▸ Exercise details: The tail of the records, from the line containing "TIMEBOMB MICHAEL BIEHN" through the final line, should be printed exactly and on its own.

Stored entries
== == ==
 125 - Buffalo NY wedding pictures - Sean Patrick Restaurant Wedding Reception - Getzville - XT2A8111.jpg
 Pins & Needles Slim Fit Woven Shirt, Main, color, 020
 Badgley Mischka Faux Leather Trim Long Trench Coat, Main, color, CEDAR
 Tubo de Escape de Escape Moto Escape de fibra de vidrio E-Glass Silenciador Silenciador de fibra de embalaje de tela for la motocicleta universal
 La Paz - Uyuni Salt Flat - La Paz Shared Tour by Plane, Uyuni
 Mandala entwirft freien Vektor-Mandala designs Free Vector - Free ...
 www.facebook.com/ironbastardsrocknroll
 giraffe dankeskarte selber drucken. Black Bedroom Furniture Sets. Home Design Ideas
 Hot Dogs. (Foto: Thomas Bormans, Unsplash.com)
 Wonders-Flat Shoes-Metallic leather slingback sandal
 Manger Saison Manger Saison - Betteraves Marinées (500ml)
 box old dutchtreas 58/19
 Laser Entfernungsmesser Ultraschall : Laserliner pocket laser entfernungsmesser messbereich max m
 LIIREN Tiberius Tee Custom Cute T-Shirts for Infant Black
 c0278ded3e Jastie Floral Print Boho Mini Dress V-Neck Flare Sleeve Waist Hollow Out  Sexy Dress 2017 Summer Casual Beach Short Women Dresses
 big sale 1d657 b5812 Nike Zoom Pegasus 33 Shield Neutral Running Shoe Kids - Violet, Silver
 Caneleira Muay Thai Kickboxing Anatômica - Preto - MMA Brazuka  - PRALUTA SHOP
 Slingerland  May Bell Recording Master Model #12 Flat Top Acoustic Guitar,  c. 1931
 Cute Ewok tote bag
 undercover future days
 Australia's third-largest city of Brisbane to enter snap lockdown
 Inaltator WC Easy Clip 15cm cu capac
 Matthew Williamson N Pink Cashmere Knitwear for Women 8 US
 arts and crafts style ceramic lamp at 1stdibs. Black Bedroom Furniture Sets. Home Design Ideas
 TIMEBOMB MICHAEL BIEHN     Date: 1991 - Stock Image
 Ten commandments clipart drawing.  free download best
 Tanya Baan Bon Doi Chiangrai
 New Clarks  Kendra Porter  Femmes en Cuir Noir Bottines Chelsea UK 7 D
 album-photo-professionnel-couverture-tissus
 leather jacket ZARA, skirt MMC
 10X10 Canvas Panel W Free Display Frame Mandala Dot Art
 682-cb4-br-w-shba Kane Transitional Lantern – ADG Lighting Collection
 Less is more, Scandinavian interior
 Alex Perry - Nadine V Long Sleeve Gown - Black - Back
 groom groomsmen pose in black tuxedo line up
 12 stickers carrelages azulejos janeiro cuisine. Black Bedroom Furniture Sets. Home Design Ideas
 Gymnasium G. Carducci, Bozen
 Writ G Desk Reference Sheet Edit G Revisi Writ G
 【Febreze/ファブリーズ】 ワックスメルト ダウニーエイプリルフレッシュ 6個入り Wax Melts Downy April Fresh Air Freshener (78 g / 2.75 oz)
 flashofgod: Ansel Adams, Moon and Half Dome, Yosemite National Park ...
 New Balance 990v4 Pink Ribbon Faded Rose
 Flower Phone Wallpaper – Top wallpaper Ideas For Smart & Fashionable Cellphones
== == ==
▸ Worked solution:
 TIMEBOMB MICHAEL BIEHN     Date: 1991 - Stock Image
 Ten commandments clipart drawing.  free download best
 Tanya Baan Bon Doi Chiangrai
 New Clarks  Kendra Porter  Femmes en Cuir Noir Bottines Chelsea UK 7 D
 album-photo-professionnel-couverture-tissus
 leather jacket ZARA, skirt MMC
 10X10 Canvas Panel W Free Display Frame Mandala Dot Art
 682-cb4-br-w-shba Kane Transitional Lantern – ADG Lighting Collection
 Less is more, Scandinavian interior
 Alex Perry - Nadine V Long Sleeve Gown - Black - Back
 groom groomsmen pose in black tuxedo line up
 12 stickers carrelages azulejos janeiro cuisine. Black Bedroom Furniture Sets. Home Design Ideas
 Gymnasium G. Carducci, Bozen
 Writ G Desk Reference Sheet Edit G Revisi Writ G
 【Febreze/ファブリーズ】 ワックスメルト ダウニーエイプリルフレッシュ 6個入り Wax Melts Downy April Fresh Air Freshener (78 g / 2.75 oz)
 flashofgod: Ansel Adams, Moon and Half Dome, Yosemite National Park ...
 New Balance 990v4 Pink Ribbon Faded Rose
 Flower Phone Wallpaper – Top wallpaper Ideas For Smart & Fashionable Cellphones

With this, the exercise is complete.